Solo – Sejumlah organisasi masyarakat (ormas) Islam menemui Wakil Walikota Solo Achmad Purnomo di kediamannya di kawasan Baron terkait rencana pembangunan Masjid Taman Sriwedari Surakarta (MTSS), Kamis (1/2) malam di tanah Hak Pakai (HP) 40 dan 41. Mereka meminta agar Pemerintah Kota Solo menunda acara peletakan batu pertama yang dijadwalkan pada Senin (5/1) di lokasi pembangunan.

“Kemarin kita sudah temui Pak Purnomo. Salah satu sesepuh yang ikut ada KH Muhammad Halim dari Pondok Takmirul Islam,” kata Divisi Humas Dewan Syariat Kota Surakarta, (DSKS) Endro Purnomo melalui telefon, Jumat (2/2).

Menurut Endro, pertemuan kemarin malam setidaknya diikuti 20 ormas maupun kelompok pengajian Islam di Solo. Mereka mempersoalkan status tanah Sriwedari yang dimiliki Pemkot berdasarkan HP 40 dan 41. Padahal menurut Putusan Mahkamah Agung (MA) No 3249 K/Pdt/2012, ahli waris dinyatakan berhak atas lahan Sriwedari yang mencakup lokasi pembangunan MTSS. Pembangunan masjid di lahan tersebut dikhawatirkan menimbulkan masalah hukum di kemudian hari.

“Karena Pak Pur tidak bisa menjelaskan, beliau memanggil Kepala Bagian Hukum Pemkot Solo Pak Yohanes Pramono. Pak Pram menjelaskan bagaimana prosesnya Pemkot bisa mendapat sertifikat Hak Pakai,” kata dia.
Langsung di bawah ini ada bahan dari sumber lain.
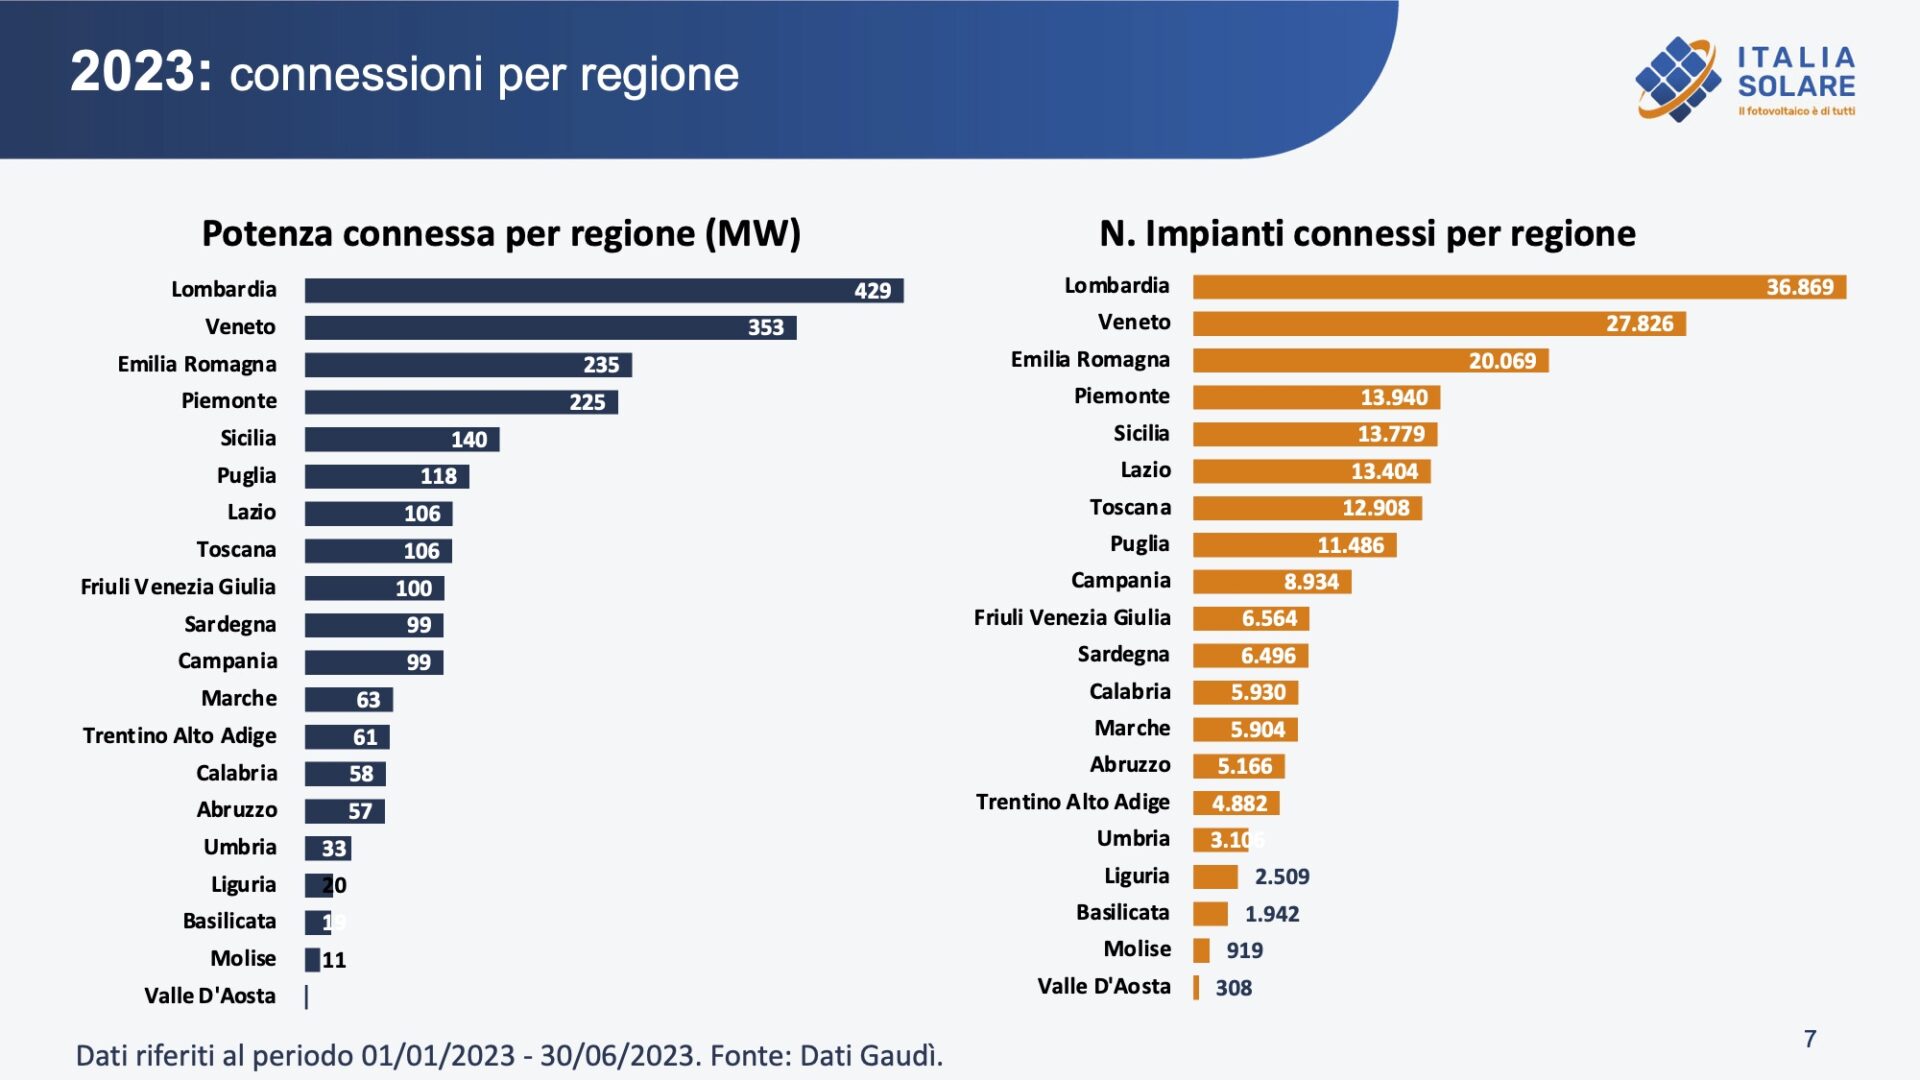 Fotovoltaico in Italia, report Italia Solare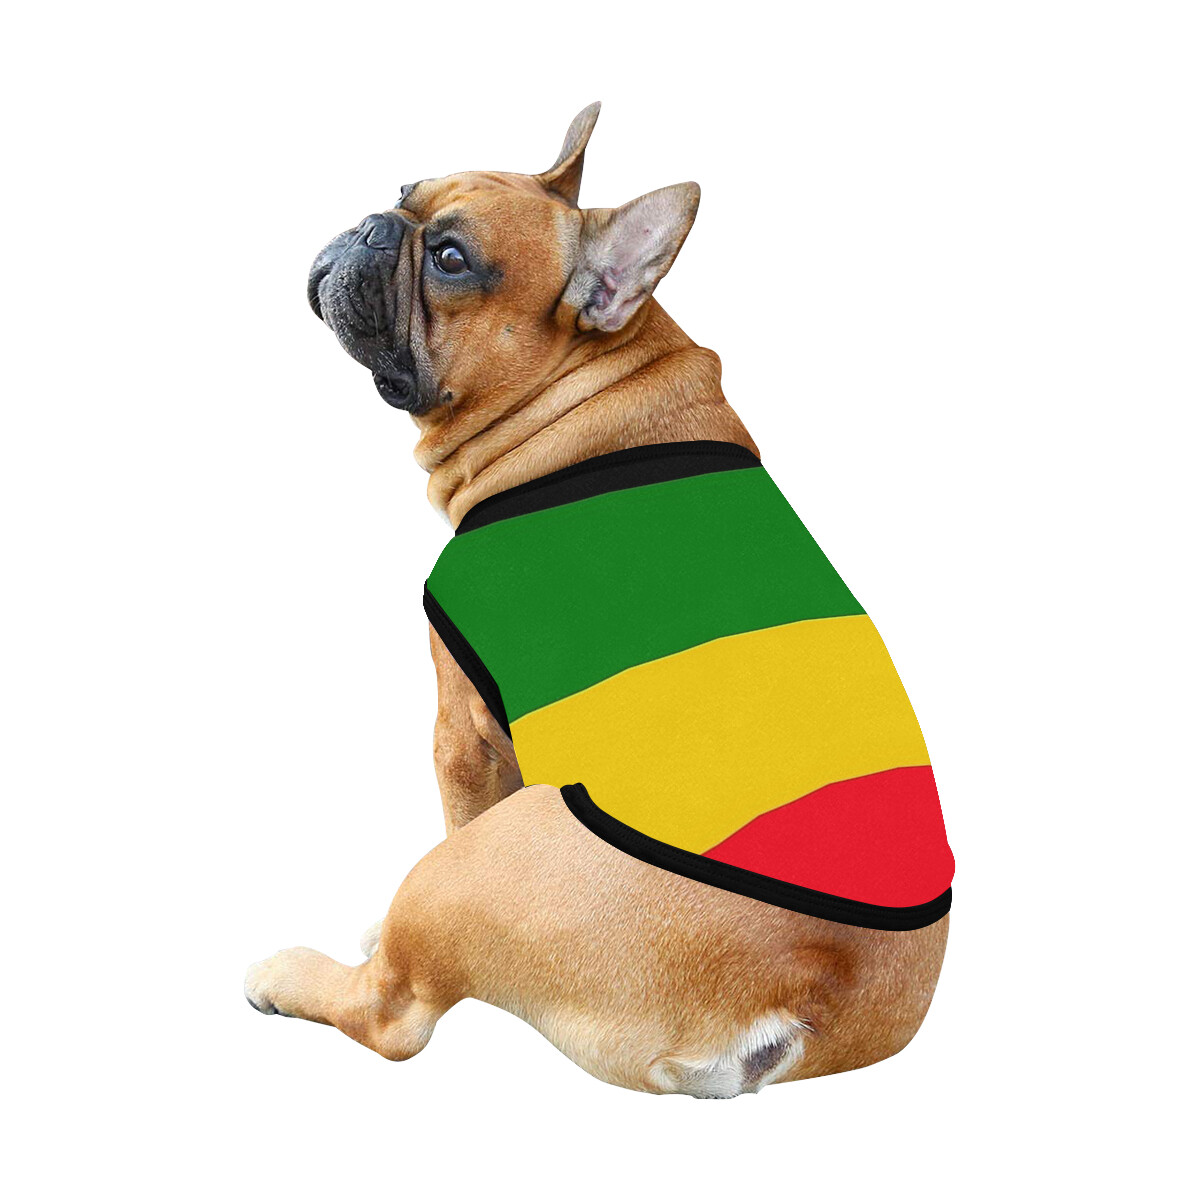 🐕 Rasta Dog Tank Top, Dog shirt, Dog clothes, Gifts, front back print, 7 sizes XS to 3XL, rasta flag, rasta dog shirt, rasta dog t-shirt white

Meski telah mendapat penjelasan dari Pramono, Endro menilai HP 40 dan 41 yang menjadi dasar Pemkot Solo membangun MTSS sangat lemah. Paslanya, saat ini, pihak ahli waris sudah memegang Surat Permohonan Pelaksanaan Eksekusi dan Penetapan Pengadilan Negeri Surakarta No 10/PEN.PDT/EKSEKUSI/2015/PN.SURAKARTA.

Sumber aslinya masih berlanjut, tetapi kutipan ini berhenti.